Calculate the final temperature of solution when 10 g of oxalic acid, (COOH)2(s), is dissolved in 110.0 mL of water that is initially at 26 C. The enthalpies of formation of oxalic acid in the solid and aqueous phases are -826.8 and -818.8 kJ/mol, respectively. The heat capacity of water is 4.184 J/g*K. Ignore the heat capacity of oxalic acid.

This is done the same way as the NaCl problem posted earlier; however, in this case the DHsoln is a negative number which means you make q a + number.

To calculate the final temperature of the solution, we will use the equation for heat transfer:

q = m * C * ΔT

where q is the heat transferred, m is the mass, C is the specific heat capacity, and ΔT is the change in temperature.

First, we need to find the amount of heat transferred (q) when the oxalic acid dissolves in water. We can calculate this using the enthalpies of formation of the solid and aqueous phases:

ΔH = Σ(ΔH of products) - Σ(ΔH of reactants)
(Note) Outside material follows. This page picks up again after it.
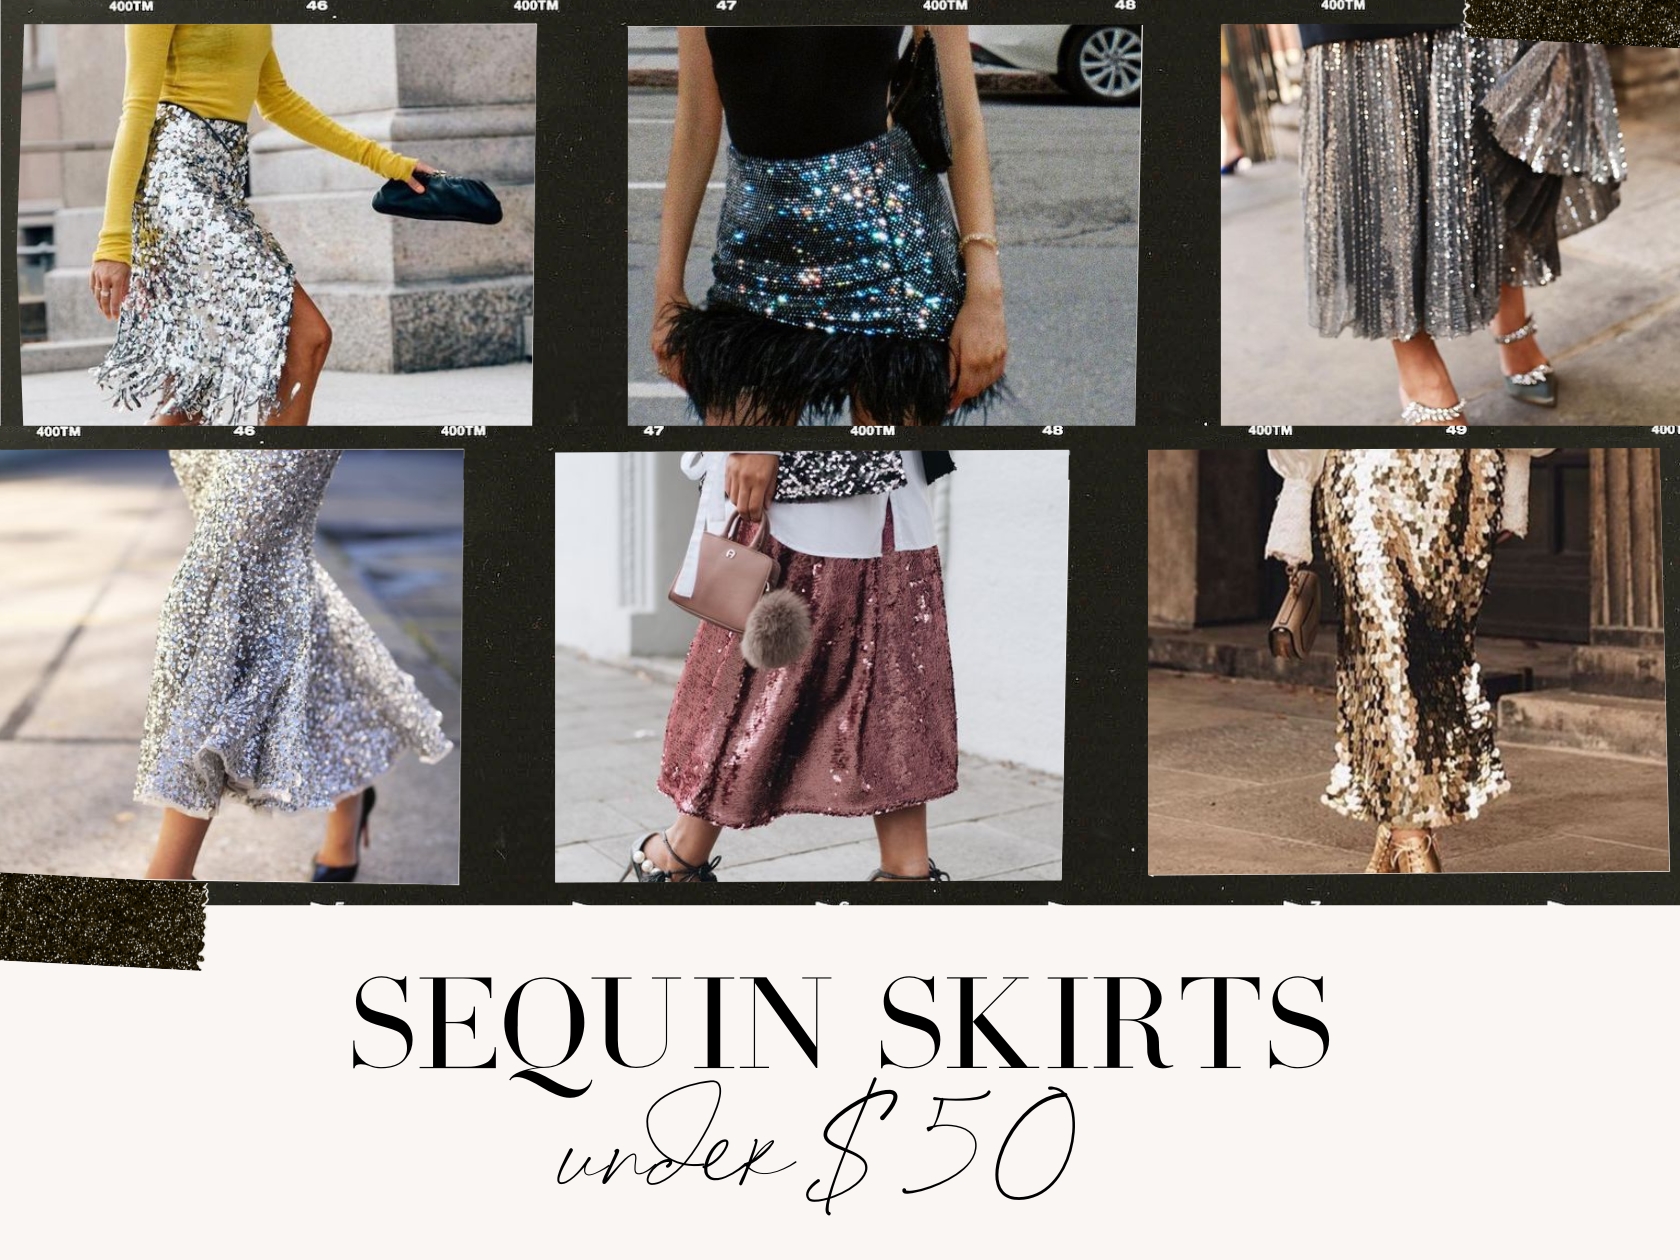 STYLE FILES: My Favorite Sequin Skirts Under $50

Given that the enthalpy of formation of oxalic acid in the solid phase is -826.8 kJ/mol and in the aqueous phase is -818.8 kJ/mol, we can calculate the change in enthalpy (ΔH):

ΔH = -818.8 kJ/mol - (-826.8 kJ/mol) = 8 kJ/mol

Next, we need to determine the number of moles of oxalic acid that are dissolved. For this, we need to calculate the molar mass of oxalic acid:

C = 12.01 g/mol
O = 16.00 g/mol
H = 1.01 g/mol

(C = 12.01 * 2) + (O = 16.00 * 2) + (H = 1.01 * 4) = 36 + 32 + 4.04 = 72.04 g/mol

Now, we can find the number of moles:

moles = mass / molar mass = 10 g / 72.04 g/mol = 0.139 moles

Since we know the specific heat capacity of water is 4.184 J/g*K, we can calculate the heat transferred when the temperature changes:

q = m * C * ΔT

The mass of water can be calculated using the density:

density = mass / volume
1 g/mL = mass / 110.0 mL
mass = 110.0 g

q = 110.0 g * 4.184 J/g*K * (Tf - 26 C)

Now we can substitute the values in the equation and solve for Tf:

q = 0.139 moles * 8 kJ/mol + 110.0 g * 4.184 J/g*K * (Tf - 26 C)

Simplifying the equation:

0.139 moles * 8000 J/mol + 461.04 J/gK * (Tf - 26 C) = 110.0 g * 4.184 J/g*K * Tf

1112.0 J + 461.04 J/gK * Tf - 12007.04 J = 459.04 J/gK * Tf

7616.96 J = 2.632 J/gK * Tf

Tf = 7616.96 J / (2.632 J/gK) = 2899.14 gK

Therefore, the final temperature of the solution is approximately 2899.14 C.